[Task objective]:
Write the listing out again word for word, excluding any pictures.

Available data section start

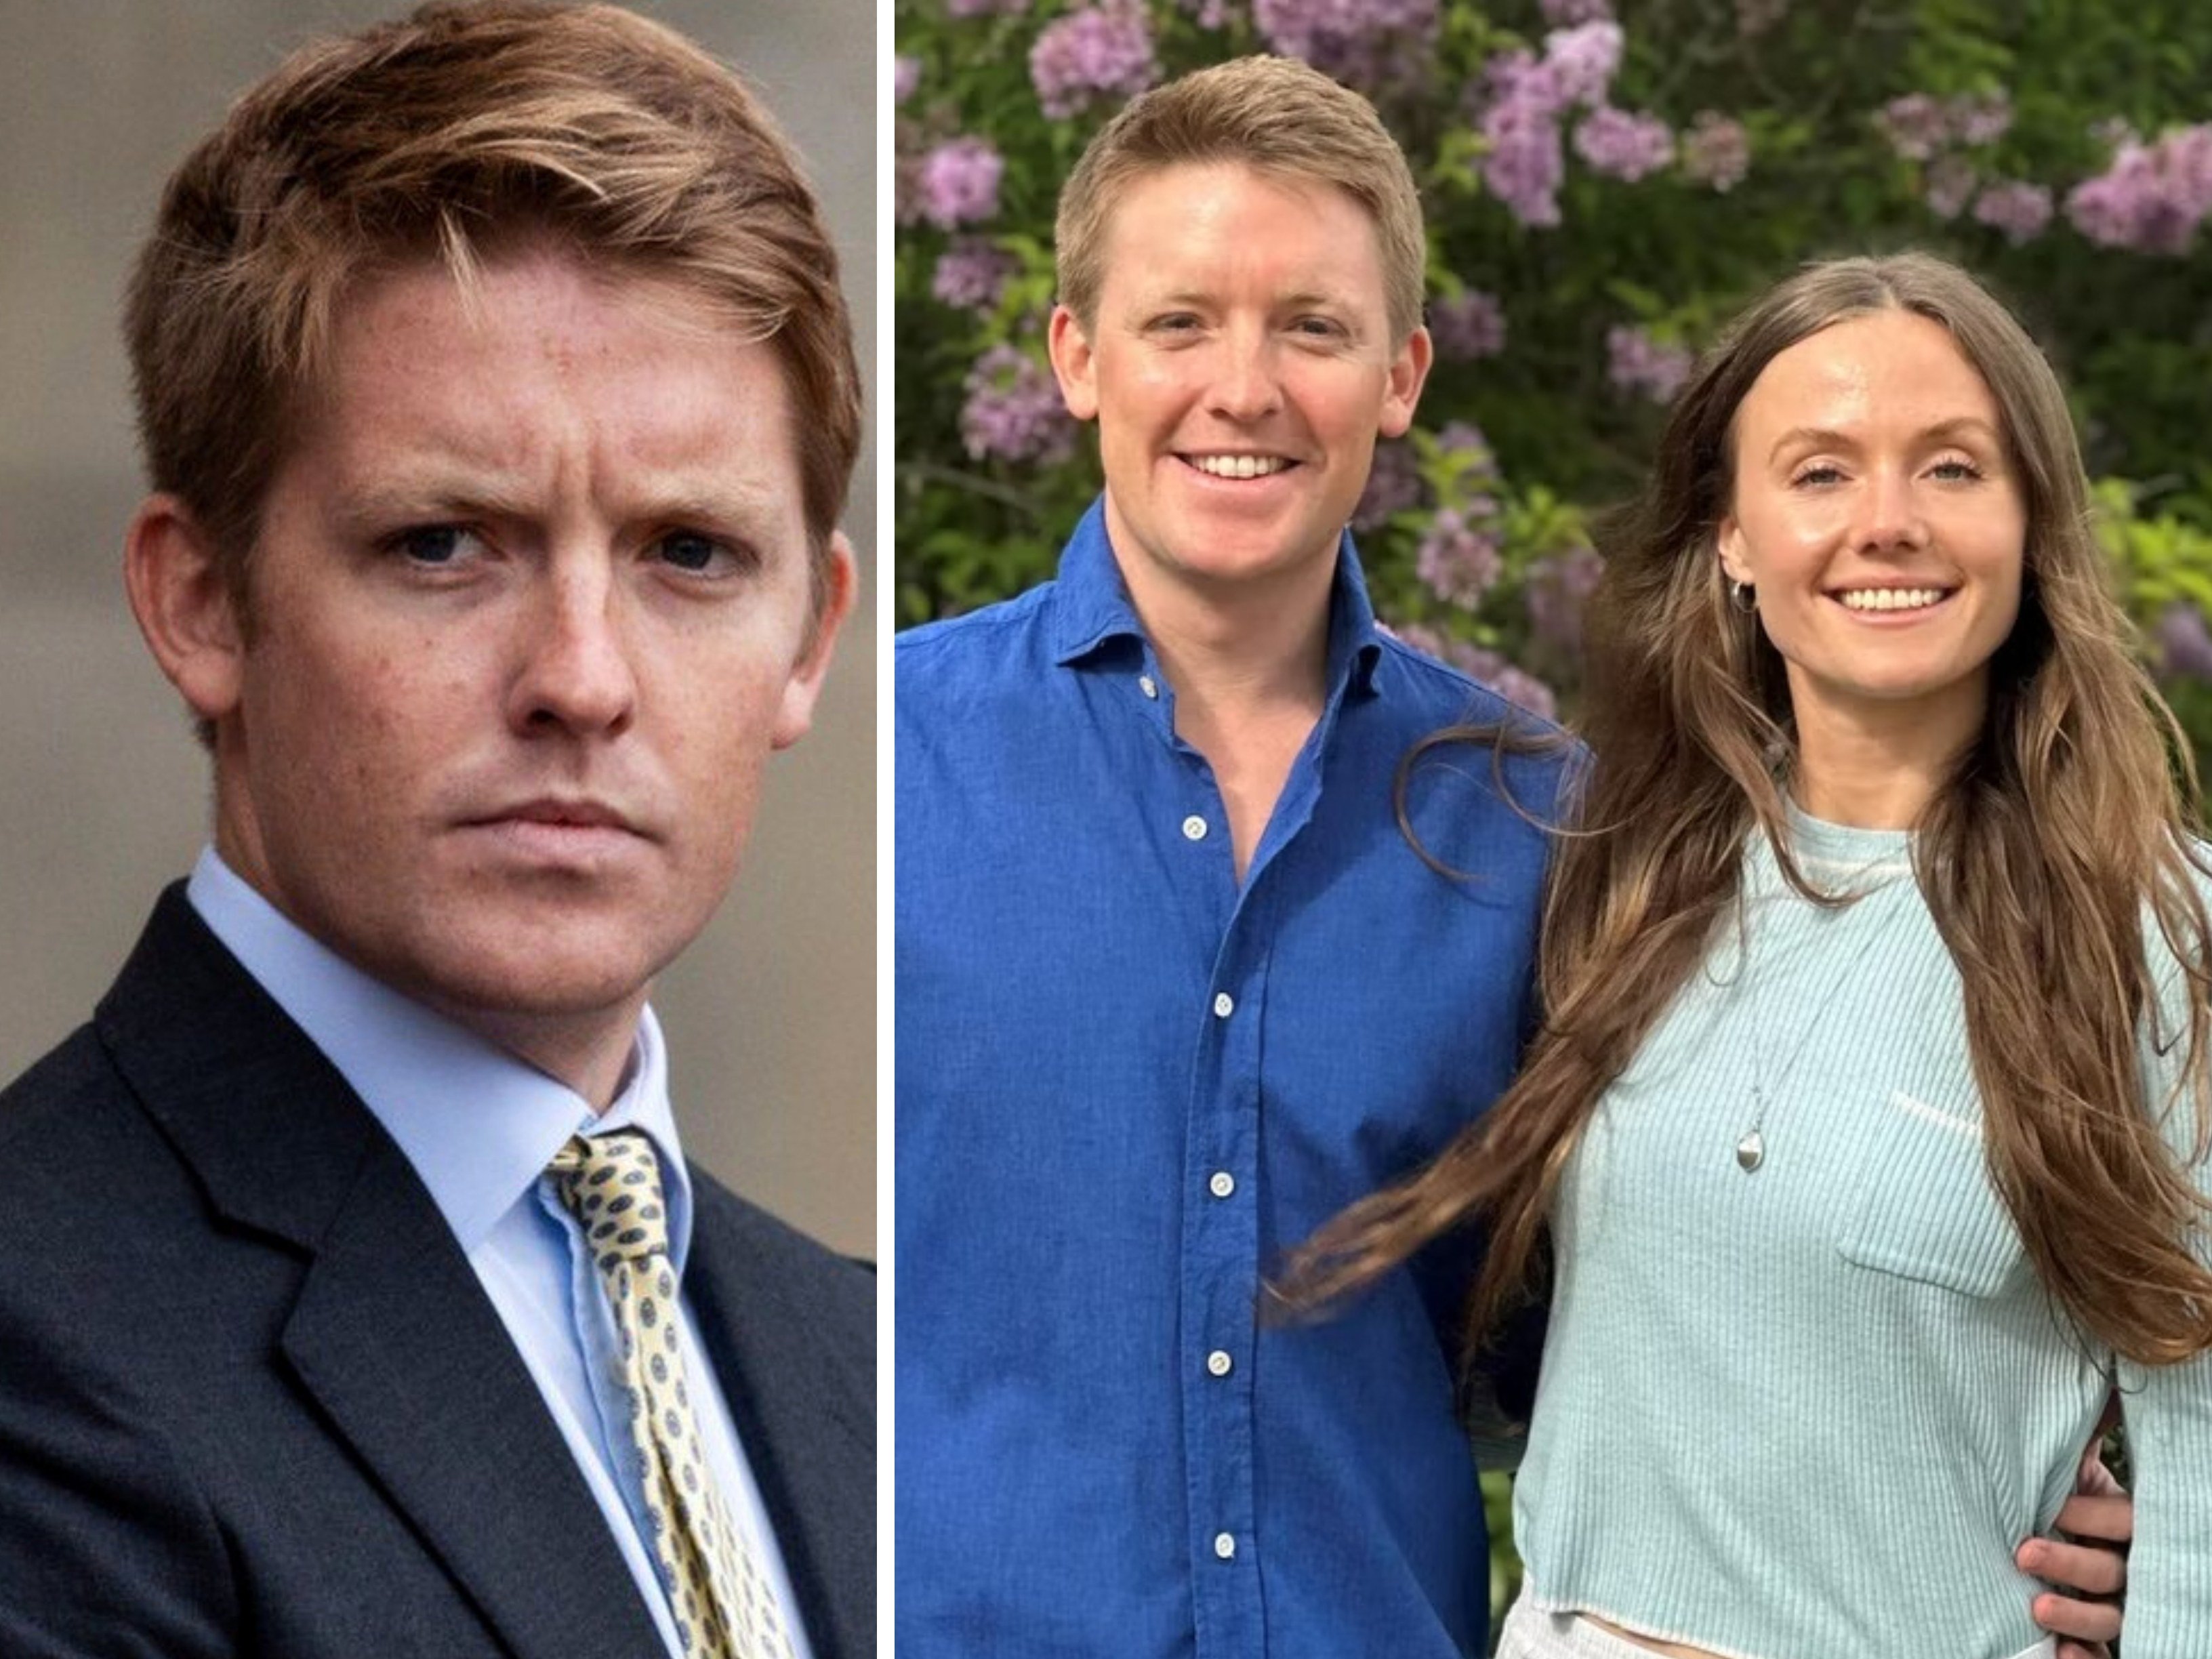 Hugh Grosvenor, the Duke of Westminster, was “born with the longest silver spoon anyone can have” and recently proposed to his girlfriend Olivia Heston (right). Photos: AP
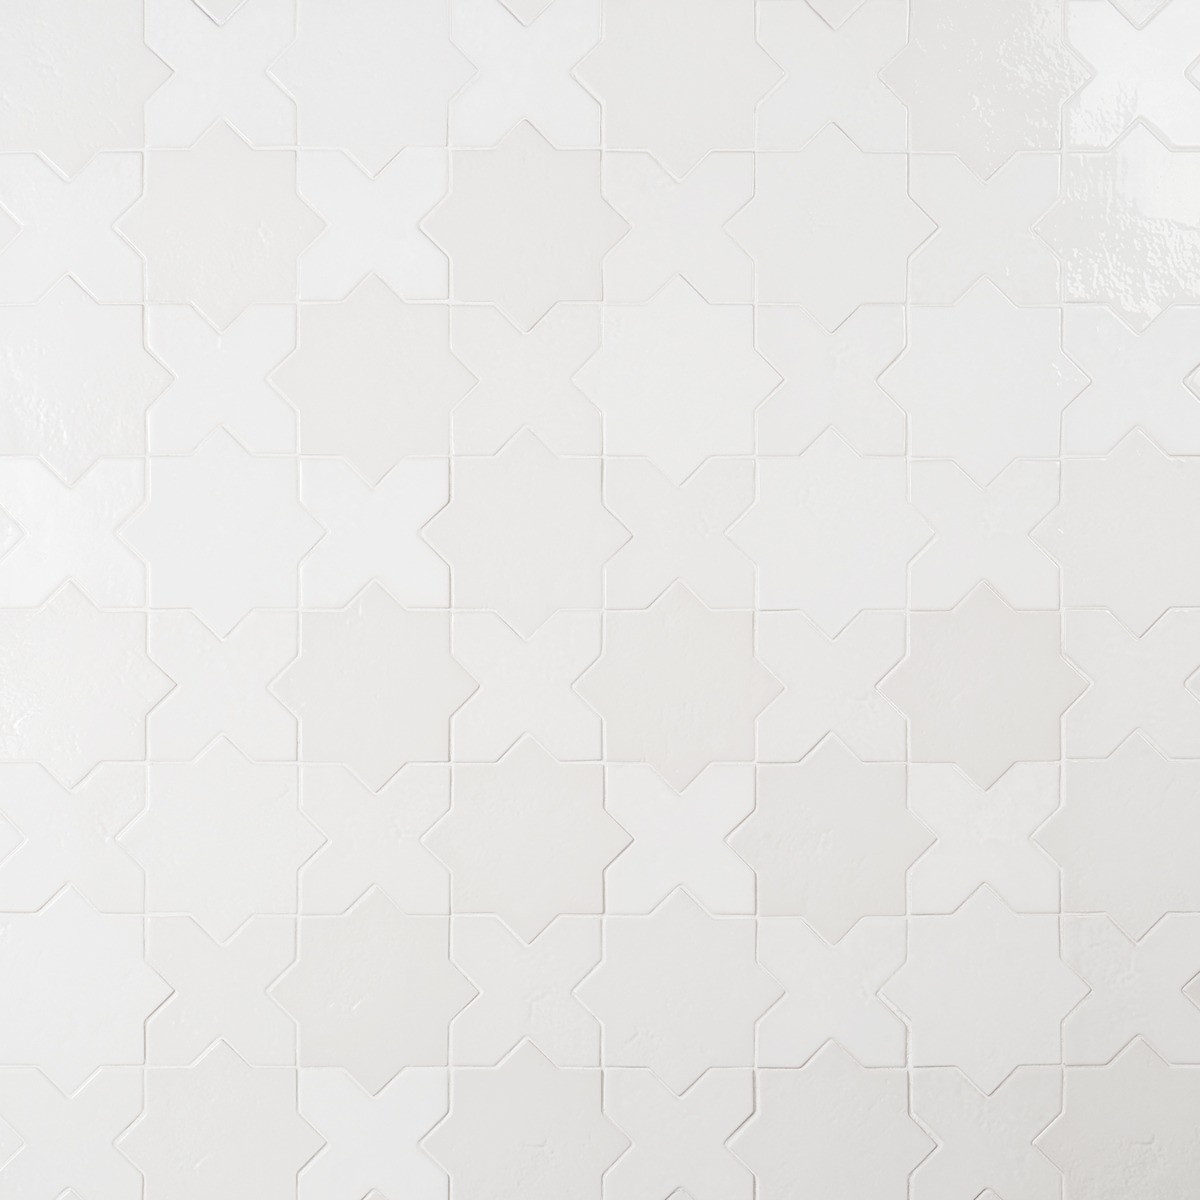 Not for Sale-Parma White Polished Star and White Polished Cross 6" Terracotta Look Porcelain Tile
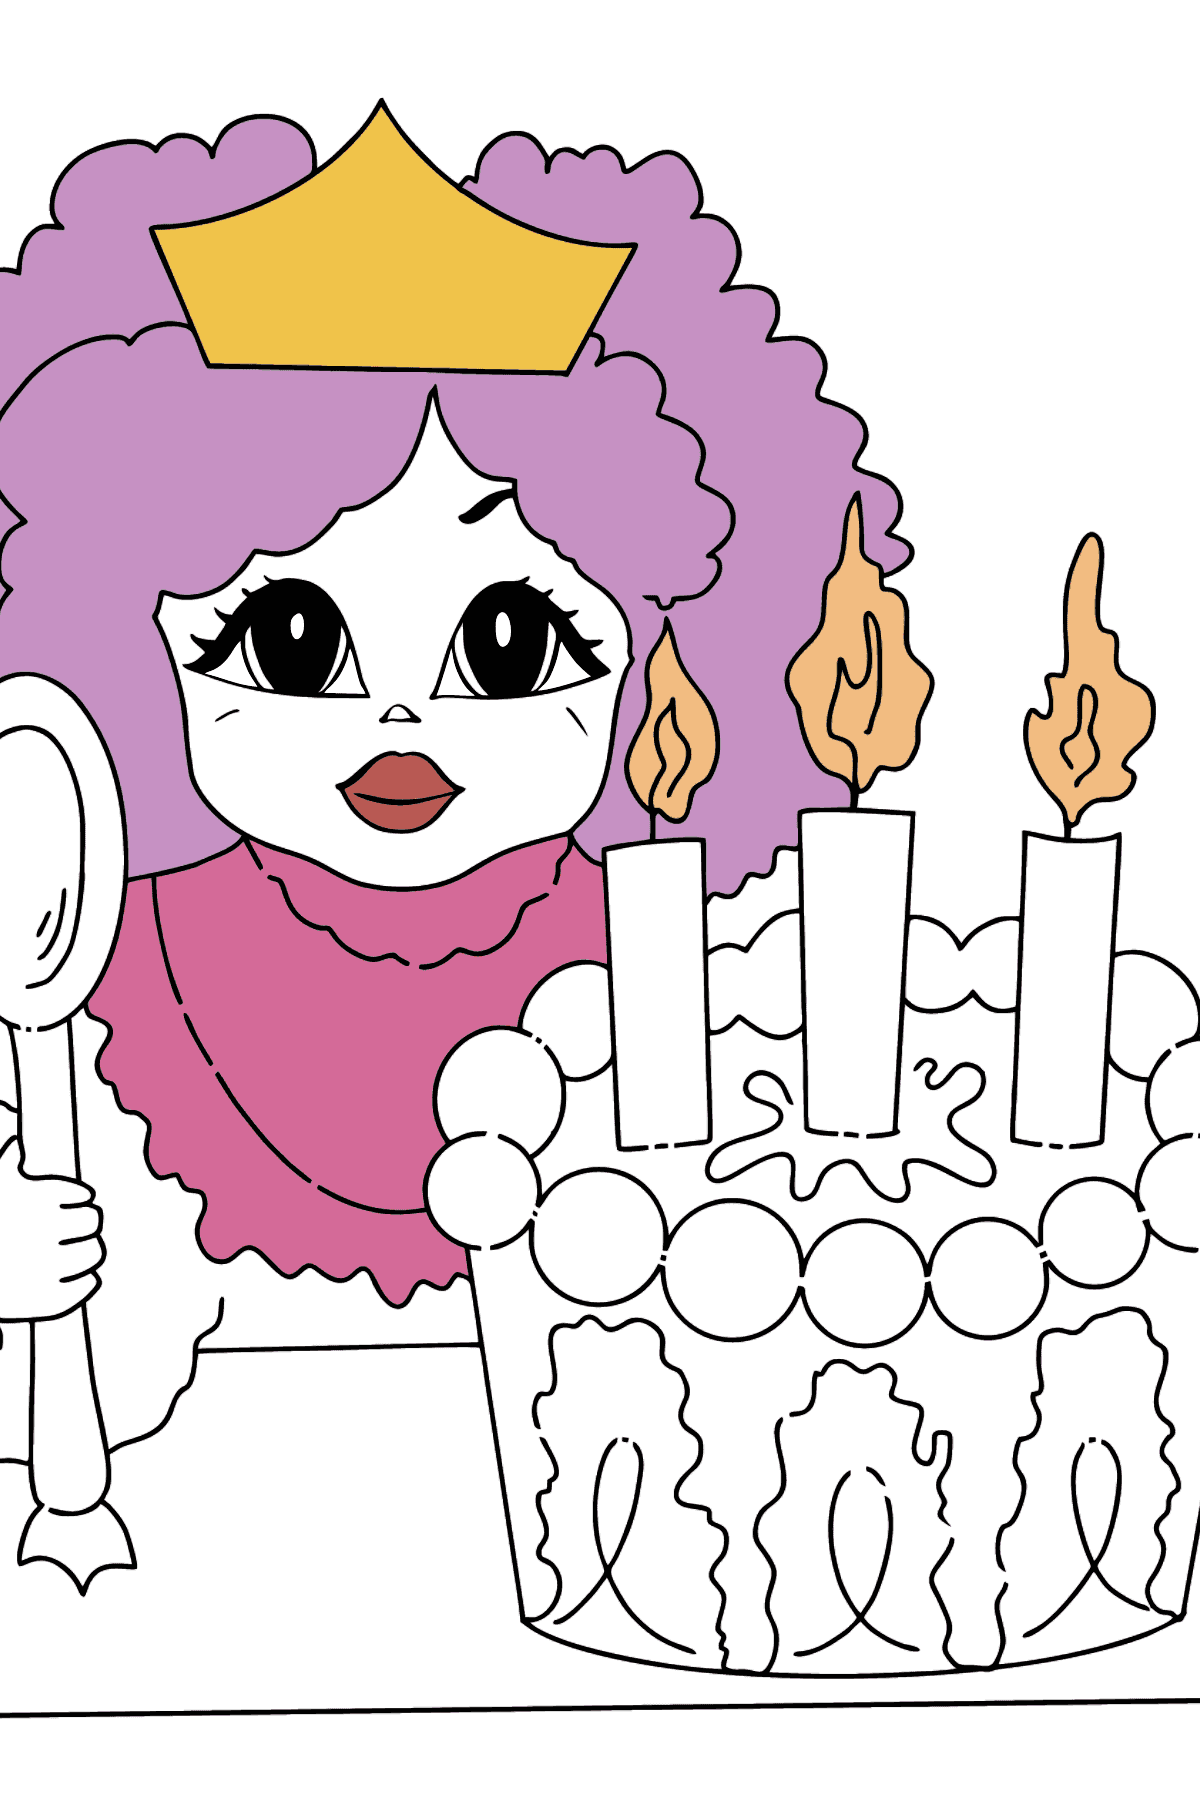 Greedy princess coloring page (simple) - Coloring Pages for Kids

Available data section end

[Problem solution]:
 Hugh Grosvenor, the Duke of Westminster, was “born with the longest silver spoon anyone can have” and recently proposed to his girlfriend Olivia Heston (right). Photos: AP
 Not for Sale-Parma White Polished Star and White Polished Cross 6" Terracotta Look Porcelain Tile
 Greedy princess coloring page (simple) - Coloring Pages for Kids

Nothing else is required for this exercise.